# I drove the only "Audi TT RS" in the country on Tuesday...



## Frank Rizzo (Aug 2, 2003)

Mang!

I would like to own one of those....
I wish they sold it here....It's hard enough finding a regular TTS !

:thumbup:


----------



## MikeCoupe (Oct 11, 2007)

:beerchug: I'm quite envious, Mike! But I look forward to your write-ups. Thanks for sharing!


----------



## Justin T (Oct 10, 2006)

Frank Rizzo said:


> Mang!
> 
> I would like to own one of those....
> I wish they sold it here....It's hard enough finding a regular TTS !
> ...


LOL - you should have mentioned you were looking for one...back at the end of last year, the dealer near us had two and they were both listed at invoice.


----------



## wag-zhp (Apr 8, 2004)

Excellent write up. Sounds like you had another fun day at the "office". :thumbup:


----------



## mtbscott (Jul 16, 2003)

I would buy a TT-RS in a heartbeat. I had two Gen I TT's and have considered a Gen II a couple of times but the scarcity of manuals in their best versions put me off. Your article is the first positive hint that AudiUSA might actually bring the car over, hope so.


----------



## Frank Rizzo (Aug 2, 2003)

Justin T said:


> LOL - you should have mentioned you were looking for one...back at the end of last year, the dealer near us had two and they were both listed at invoice.

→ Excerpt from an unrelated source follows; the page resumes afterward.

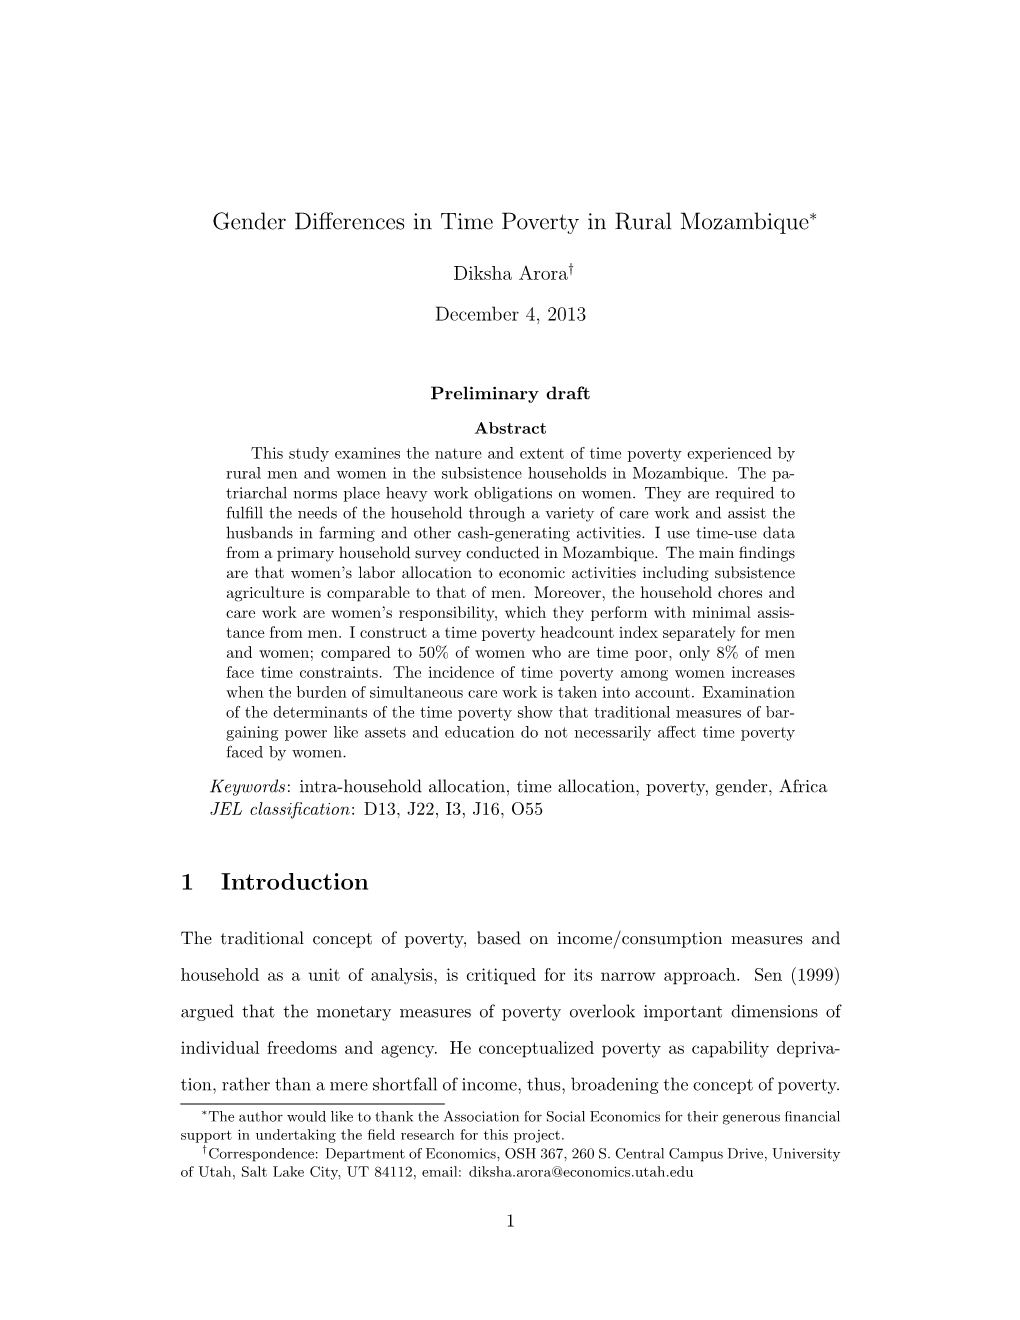 Gender Differences in Time Poverty in Rural Mozambique 1 Introduction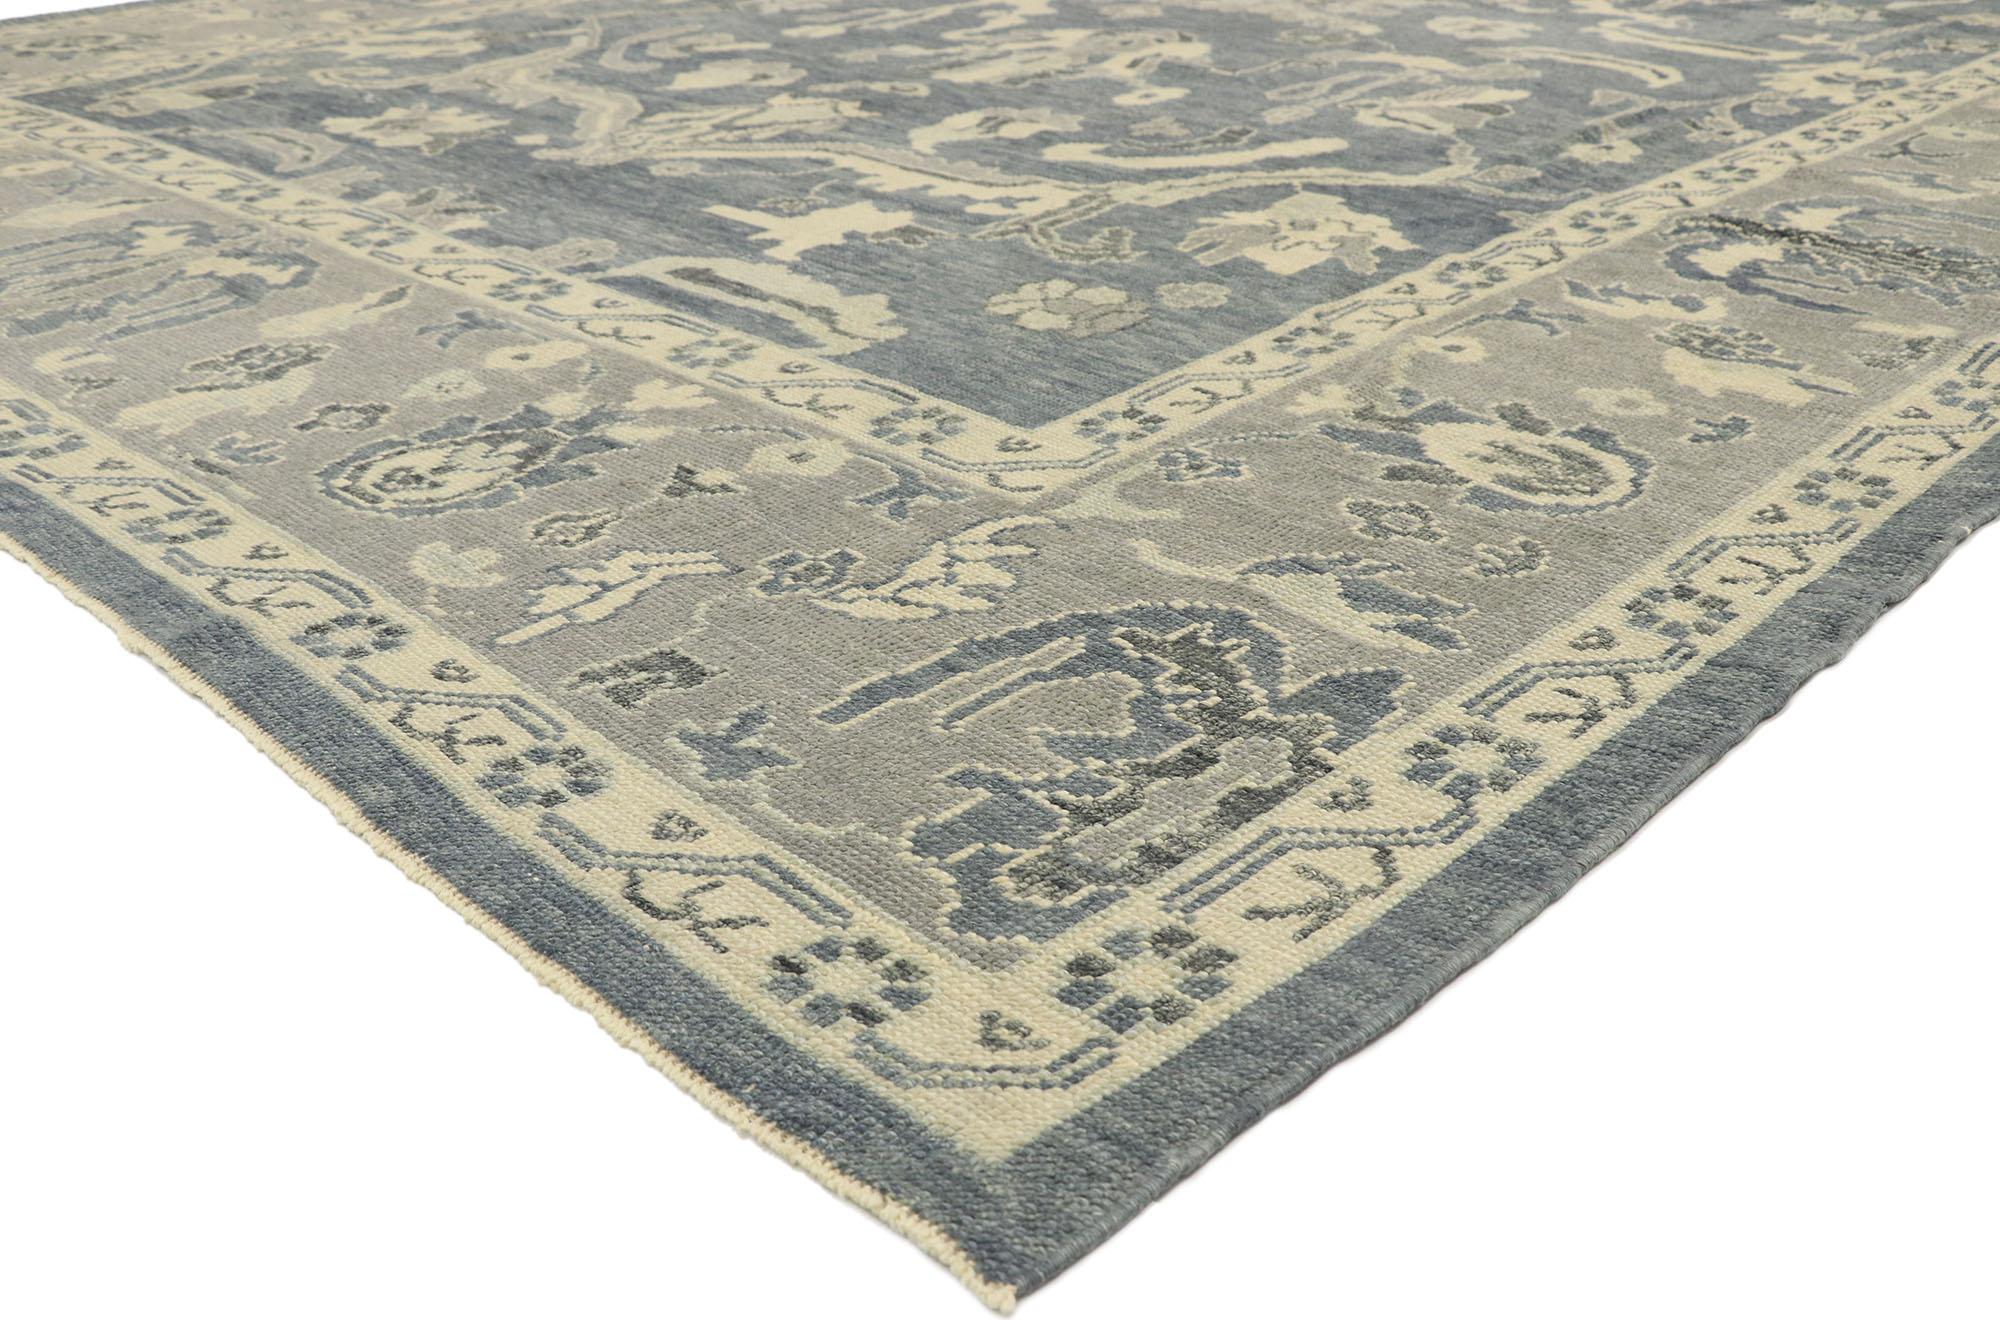 52905, nNew Contemporary Turkish Oushak Rug with Modern Transitional Style 09'11 x 14'00. Blending elements from the modern world with bluish and gray hues, this hand knotted wool contemporary Turkish Oushak rug will boost the coziness factor in

The TTRS is a non USA car right now.

The TT is getting another refresh soon IIRC, so they are getting pretty scarce as well.

..


----------



## Jever (Apr 16, 2003)

Emission said:


> And I don't take it for granted. I'd share it all with your guys, if I could. :thumbup:
> 
> Let me know if you have any questions about the car. I only cover so much in the story.
> 
> - Mike


 I couldn't care less about the cars...how do I end up with a job like yours?!?!???!!!?


----------



## 'Cane (Jun 16, 2003)

Nice read, again. Thanks Mike.


----------